**Exercise data**
^^^^^^^^

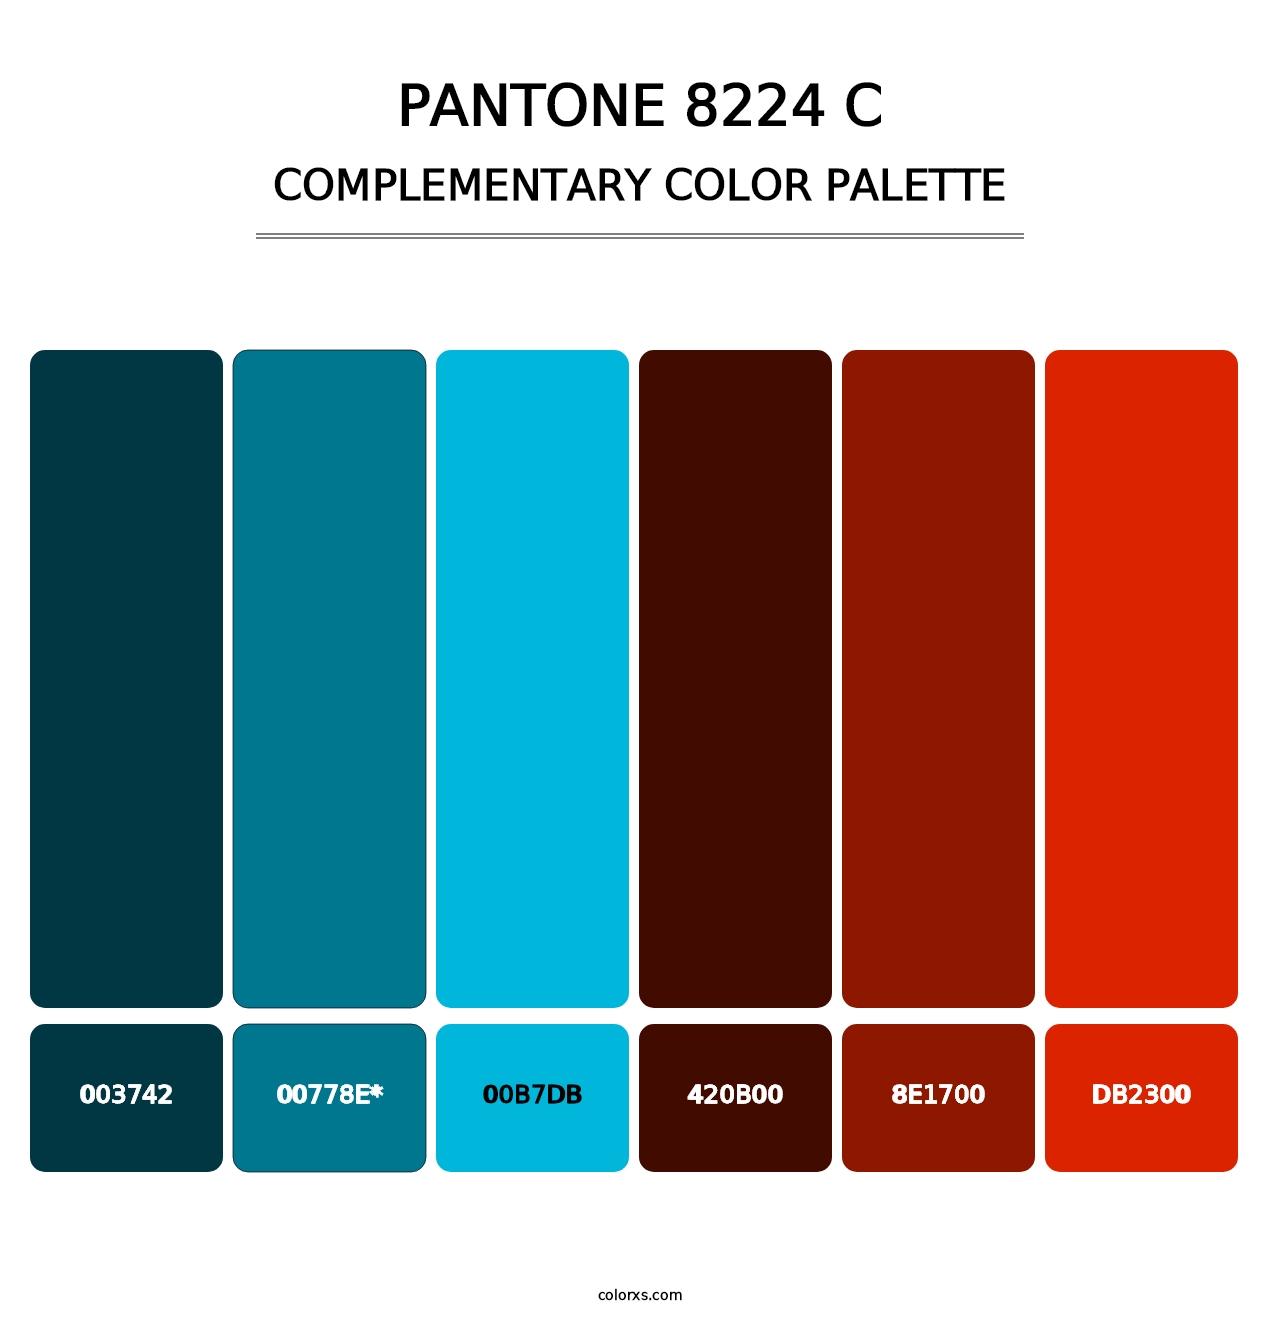 PANTONE 8224 C - Complementary Color Palette
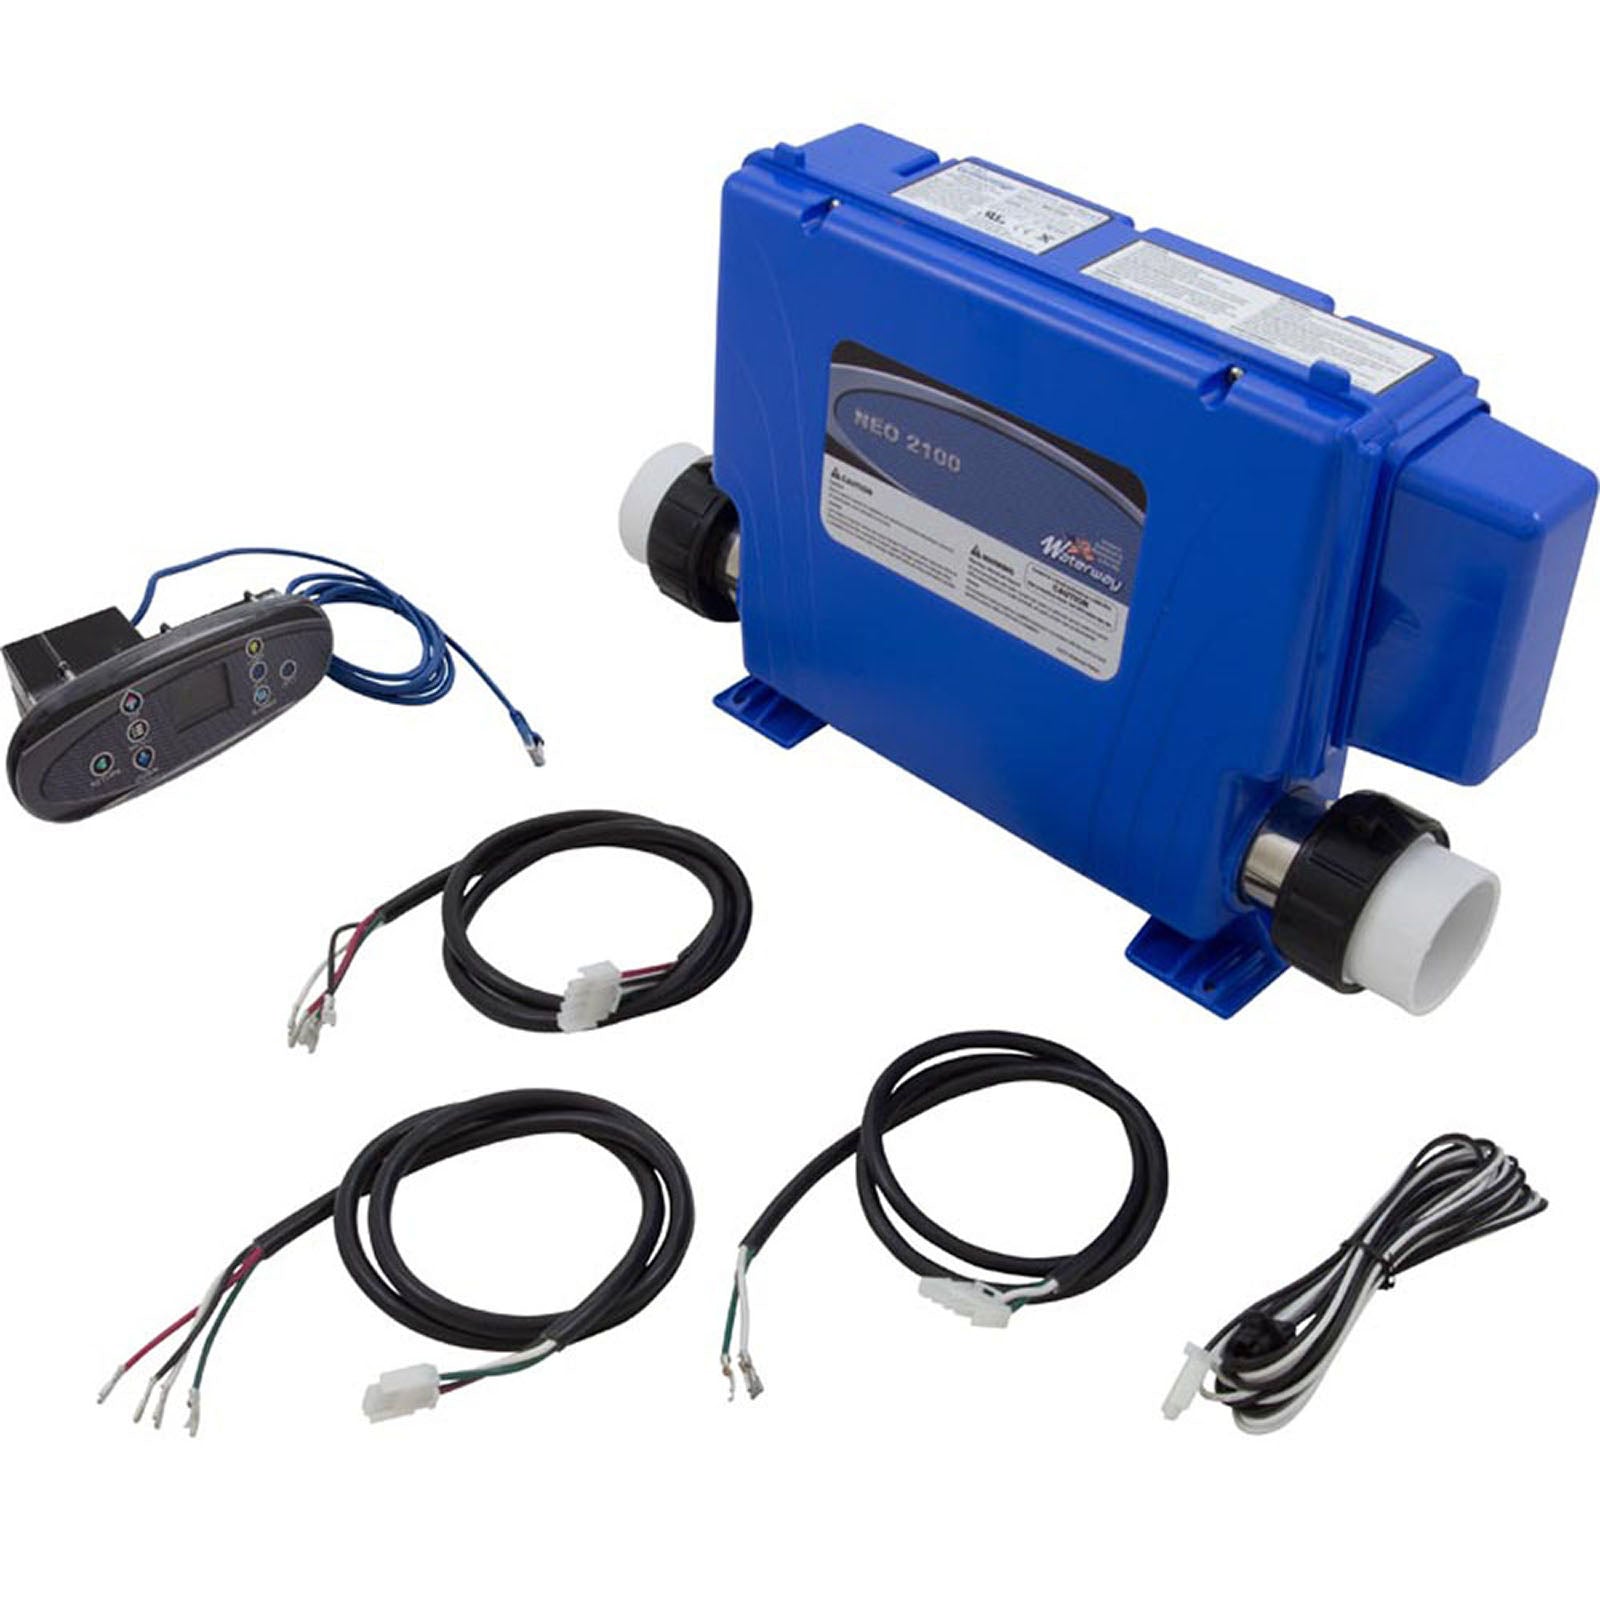 NEO 2100 Control Kit, 2-2Spd Pumps, Blower, O3, AV 5.5Kw Heater W/ NEO 2100 Panel 
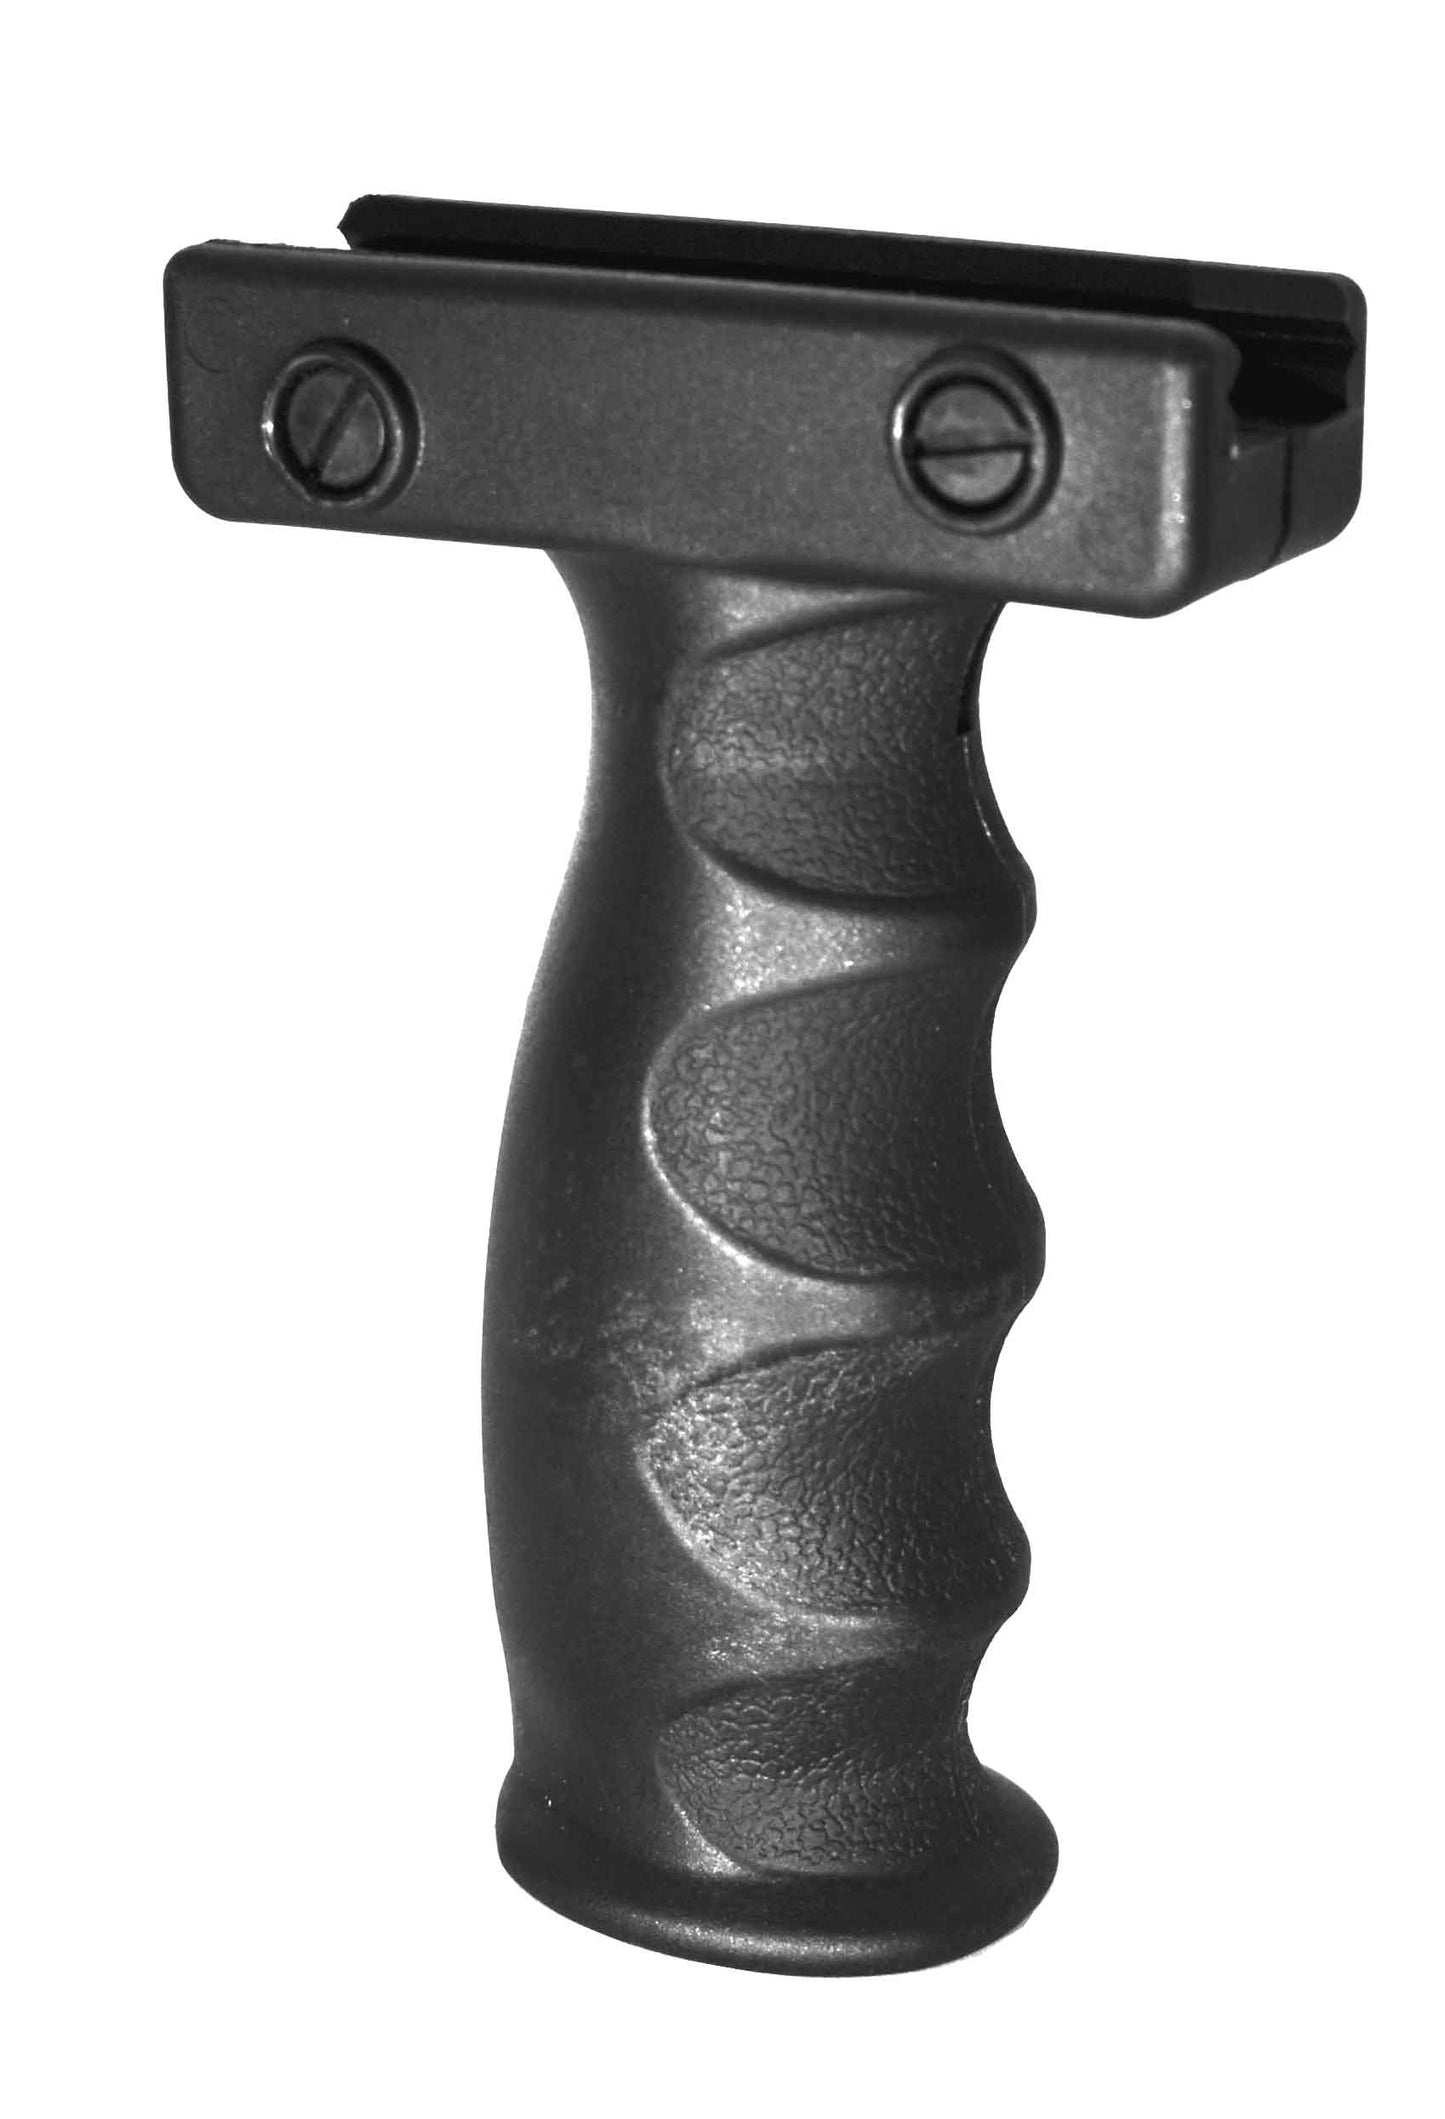 vertical grip black for rifles and shotguns.
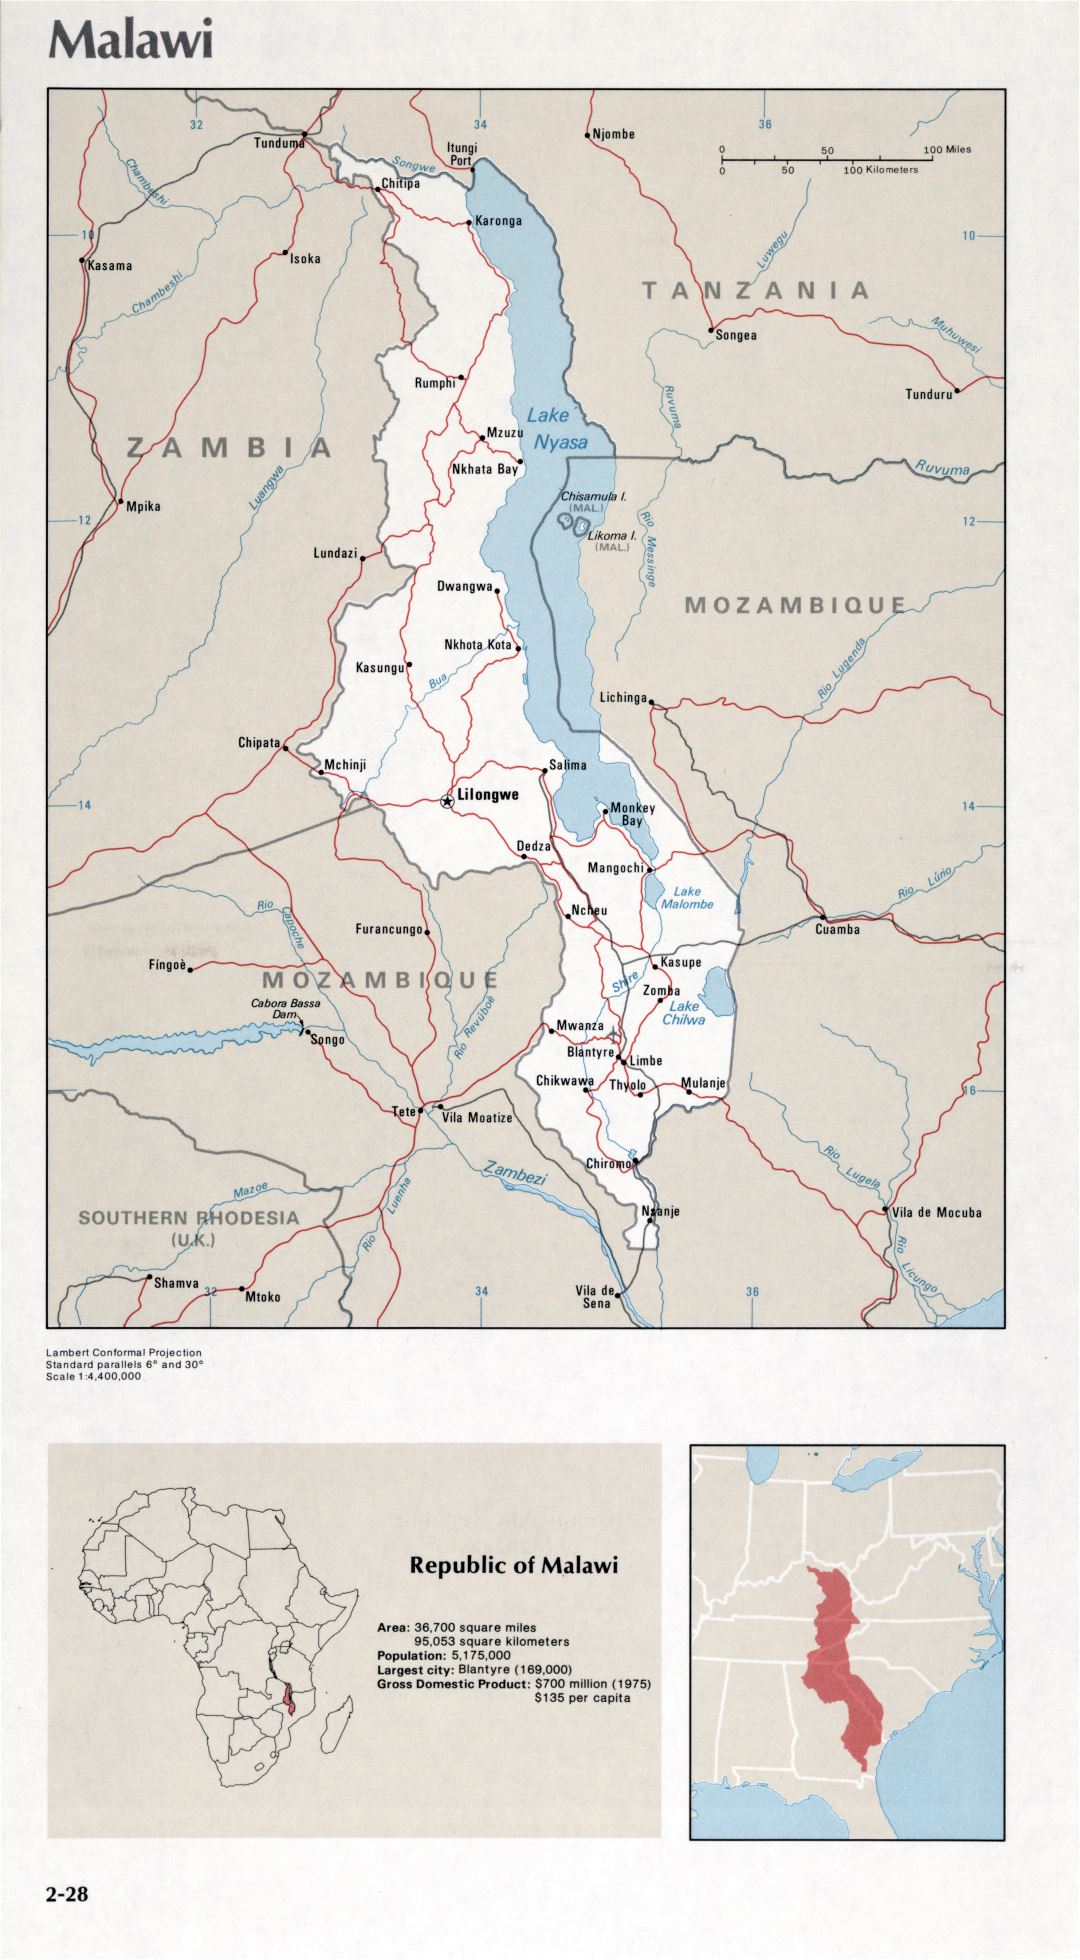 Map of Malawi (2-28)

^^^^^^^^

**Instructions for the task**
Repeat the listing above word for word, omitting the pictures.

**Response to the exercise**
 PANTONE 8224 C - Complementary Color Palette
 NEO 2100 Control Kit, 2-2Spd Pumps, Blower, O3, AV 5.5Kw Heater W/ NEO 2100 Panel 
 vertical grip black for rifles and shotguns.
 Map of Malawi (2-28)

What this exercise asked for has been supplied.